KiaraGrouwstra commented 8 years ago

Trying to figure out if I can keep Load.m 'neutral' in terms of file paths though... should we perhaps git-ignore LoadPath.m so we can use it to each store our personal settings without influencing others?

KiaraGrouwstra commented 8 years ago

Hi @IvanBond, I'd just received a pull request from @ImkeF, and she'd attended me to your further additions.

I'd be glad to merge them in, but I'm seeing an issue in regard to your move of the hardcoded file path from LoadPath.m to Load.m. I guess the problem is clear -- as soon as we merge in code containing one another's file path, loading would break until we'd manually change the path back to our own. That's somewhat undesirable, since it poses a challenge to the intention of using Git for the purpose of sharing code.

With that in mind, I might be able to merge in all but those two commits using git cherrypick, but from what I've read, this can lead to some undesirable results, so I'm hesitant to go that route.

I think I do see a solution. If we could store our personal file path in a file ignored by Git (i.e. listed in .gitignore) like that LoadPath, we could keep that information intact for usage without affecting the other files we're sharing on Git. To guide new users, we could add a renamed version as an example file that would be included in the repository.

Might something like that be satisfiable to you as well? Perhaps this leads back to what motivated you to make your change originally, which may be of interest to others as well. Did you experience a difference in performance between the 'external file' vs. 'hardcoded in the Load script' approaches?

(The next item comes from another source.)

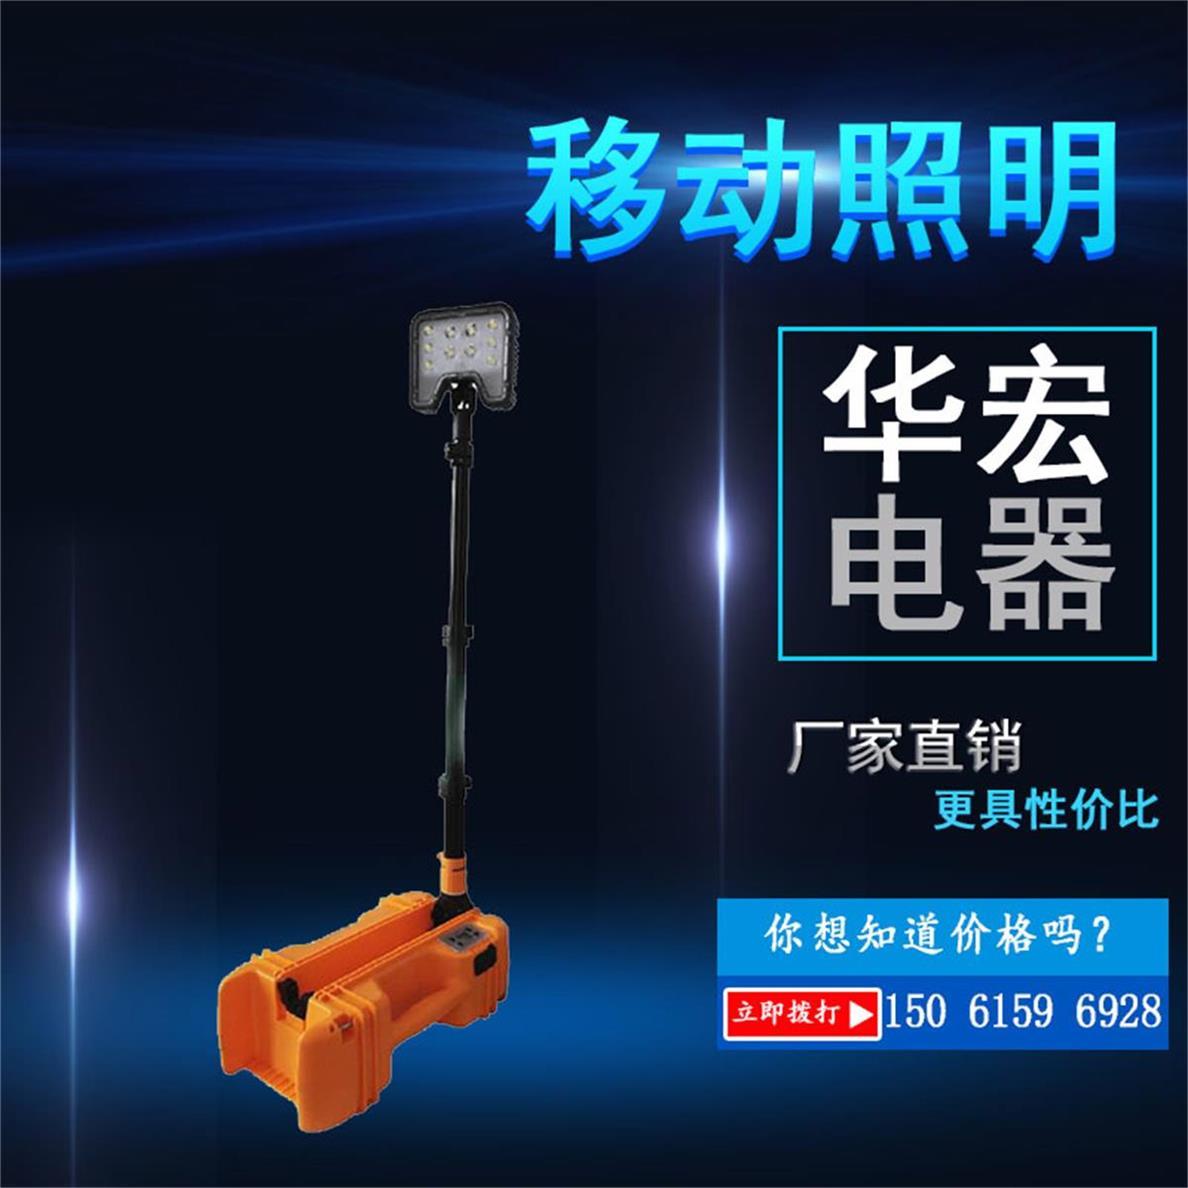 轻便式移动灯_轻便式移动灯价格_轻便式移动灯型号

IvanBond commented 8 years ago

Hi Tycho! The main reason why I hardcoded path into Load.m is that I want to avoid presence of additional object in my workbooks - table or separate query. Table with path on worksheet definitely slightly impacts on performance. PQ reads from Excel objects not instantly. And who know how many times during refresh of several queries. I have to refresh ~100 workbooks daily and some of them hourly, each contains 5-10-15 queries, so I'm trying to optimize each step.

As for library of functions it is fine to leave all as you developed initially. Anyway, Load.m always is inserted manually ( don't think someone already creates workbooks with queries using VBA and loading functions from Github).

Thanks, Ivan

KiaraGrouwstra commented 8 years ago

Hm, that definitely does put more performance strain on things than I had so far. If you're saying performance is vital here, might you get further speedup if you'd import the queries into a workbook using those VBA functions I'd done?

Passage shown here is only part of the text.